Kusur incelemesi noktasında görevlendirilen İTÜ öğretim görevlilerinden oluşan bilirkişiler…,…,…,…tarafından hazırlanan 21/01/2021 tarihli raporda özetle; “…Kusur yönünden yapılan inceleme ve kanaat: 08.05.2018 tarihli bilirkişi raporunda, olayda sürücü …in manevraları düzenleyen genel şartlara uymamaktan asli ve tam kusurlu olduğu, … marka aracın sürücüsü …nın ise kural ihlali yapmadığından kusursuz olduğu belirtilmiştir.
05.04.2019 tarihli Adli Tıp Kurumu Trafik İhtisas Dairesi raporunda, olayda şüphei sürücü …in sola doğru kontrolsüz şerit değiştirdiğinden ve diğer araca çarptığından asli ve tam kusurlu olduğu, sürücü …nın ise kusursuz olduğu belirtilmiştir.

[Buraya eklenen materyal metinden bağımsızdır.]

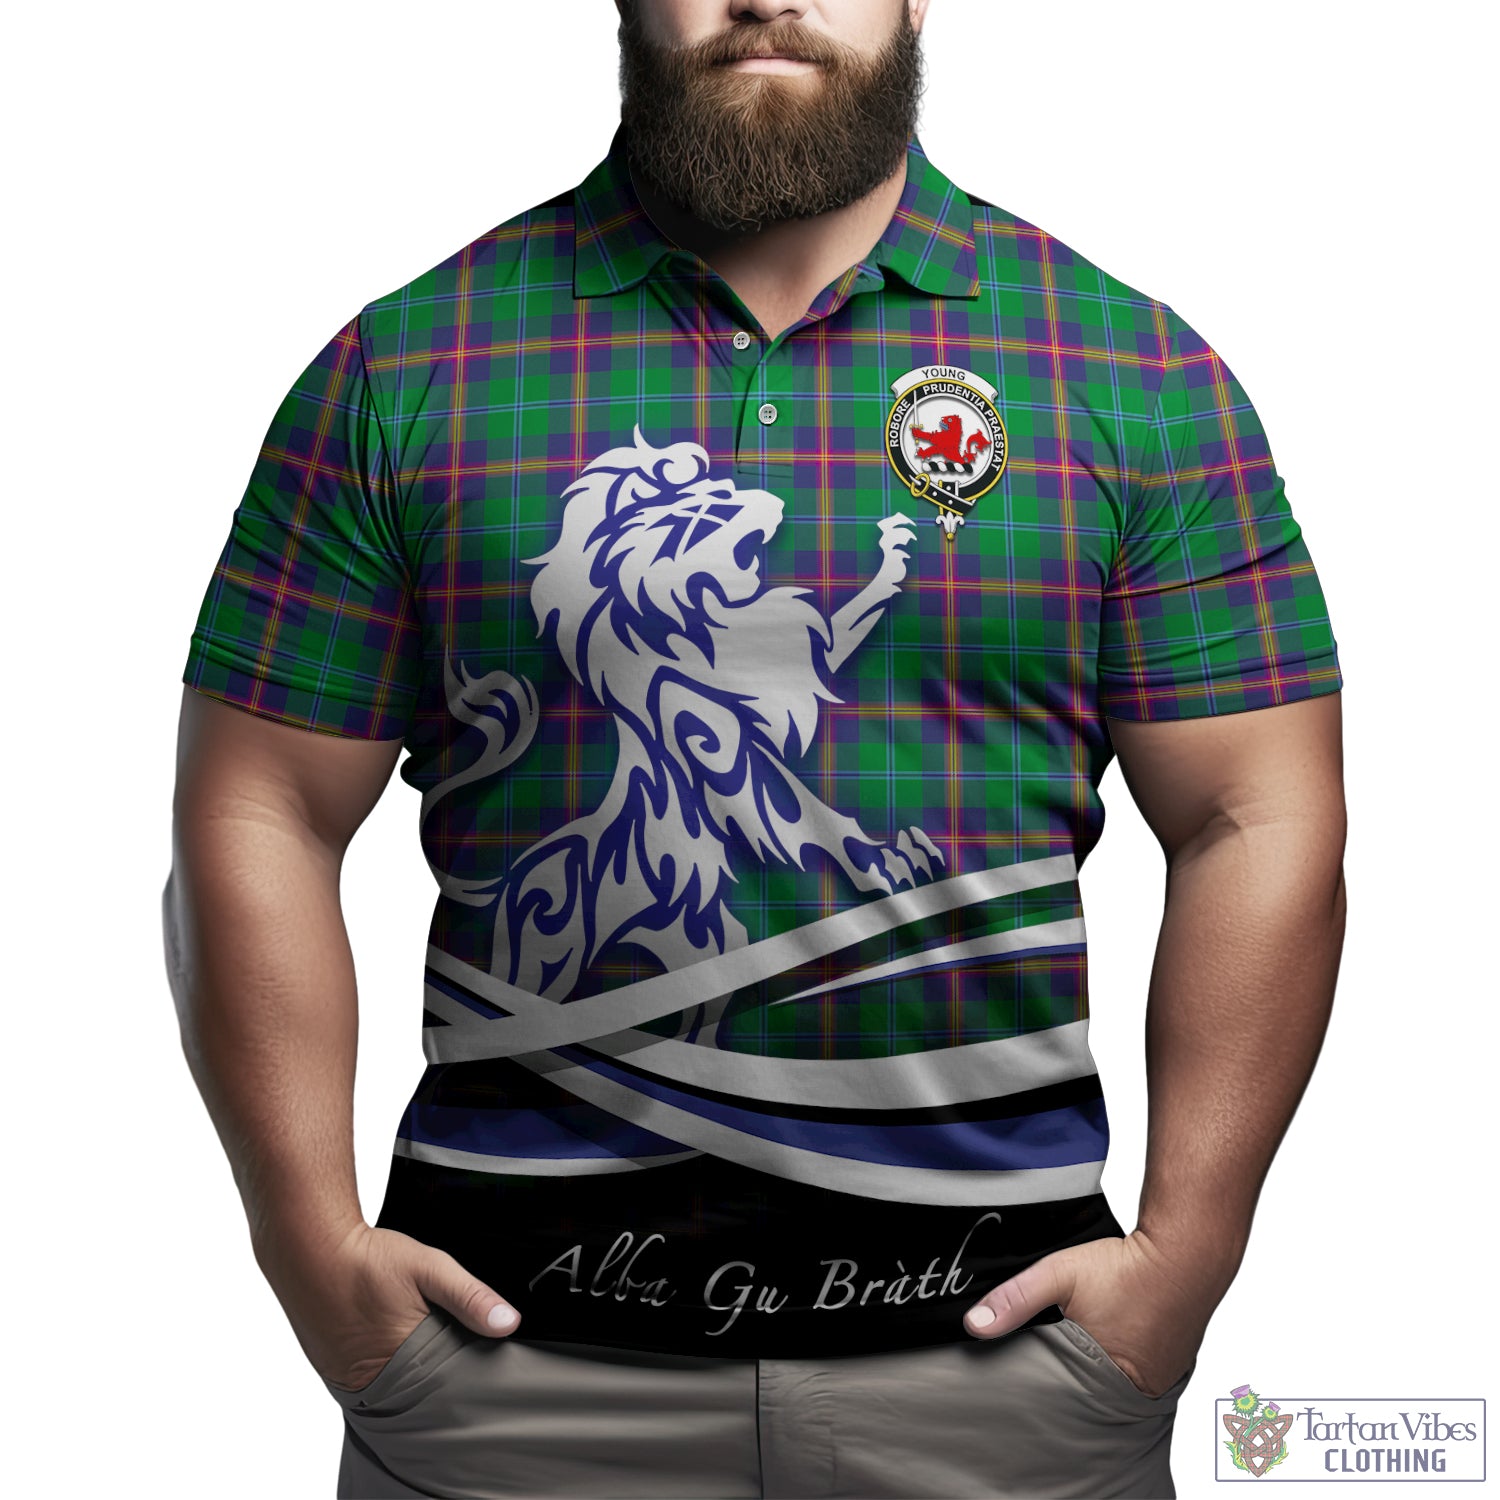 young-modern-tartan-polo-shirt-with-alba-gu-brath-regal-lion-emblem

…C. Başsavcılığının … S ve … K sayılı kovuşturmaya yer olmadığına dair kararında ölenin …olduğu, şüphelilerin … ve … olduğu, …nın alınan savunmasında, dün akşam saat 01:00 sıralarında İstanbula gitmek için yola çıktıklarını, Ankaradan Gerede yakınlarında bir yere kadar Sadıkın kullandığını, sonra aracı kendisinin kullanmaya başladığını, bir süre sonra … dinlenme tesislerinde durduklarını, yarım saat mola verdiklerini, yolun sol şeridinde 90 Km/s hızla giderken çok sisli olduğundan fazla hız yapamadığını, orta şeritte ilerleyen bir aracın kendi aracına sağ tarafından sürttüğünü, aracın darbesi ile direksiyon hakimiyetini kaybettiğini, sol taraftaki bariyerlere çarptığını, sonra direksiyon hakimiyetini sağlayıp ileride emniyet şeridinde durduğunu, birkaç dakika araçtan inemediğini, sonra inip kaza yaptığı yere baktığında bir kişinin yerde yattığını gördüğünü, aralarında kimsenin alkol almadığını belirttiği, …in ifadesinde, olay günü abisi Hüseyin ile birlikte yola çıktıklarını, orta şeritte ilerlerken kendisine doğru hızla gelen bir aracı gördüğünü, bu aracın kendi aracına sürttüğünü, aracın direksiyon hakimiyetini kaybederek sağ taraftaki bariyerlere çarptığını, durunca abisinin araçta olmadığını fark ettiğini, abisinin emniyet kemeri takıp takmadığını bilmediğini, abisini arabanın 20 m gerisinde yolun sağındaki derede bulduklarını, etrafta bulunanların kendisine yardım ettiklerini, abisini bulduklarını, kazada kusursuz olduğunu belirttiği, araç üzerinde yapılan incelemede … plakalı araçtaki her iki emniyet kemerinin de takılmamış halde olduğunun görüldüğü, kazaya ilişkin trafik bilirkişisi tarafından düzenlenen 08.05.2018 tarihli raporda, …in asli ve tam kusurlu, …nın kusursuz olduğunun belirtildiği, İstanbul Adli Tıp Kurumu Trafik İhtisas Dairesi tarafından düzenlenen 05.04.2019 tarihli raporda, …in olayda asli ve tam kusurlu olduğunun, sürücü …nın ise kusursuz olduğunun belirtildiği, tüm dosya kapsamına göre şüphelilerin üzerine atılı suçlar açısından … hakkında olayda kusursuz olması nedeniyle kamu adına kovuşturma yapılmasına yer olmadığına, şüpheli … hakkında ise her ne kadar olayda tam kusurlu ise de sonucun kişisel ve ailevi durumu bakımından artık bir ceza hükmedilmesini gereksiz kılacak derecede mağdur olmasına yol açmışsa ceza verilmez, bilinçli taksir halinde verilecek ceza altıda bire kadar indirilebilir şeklinde düzenlendiği, bu nedenle … hakkında taksirle ölüme neden olma suçundan kovuşturmaya yer olmadığına karar verilmiştir.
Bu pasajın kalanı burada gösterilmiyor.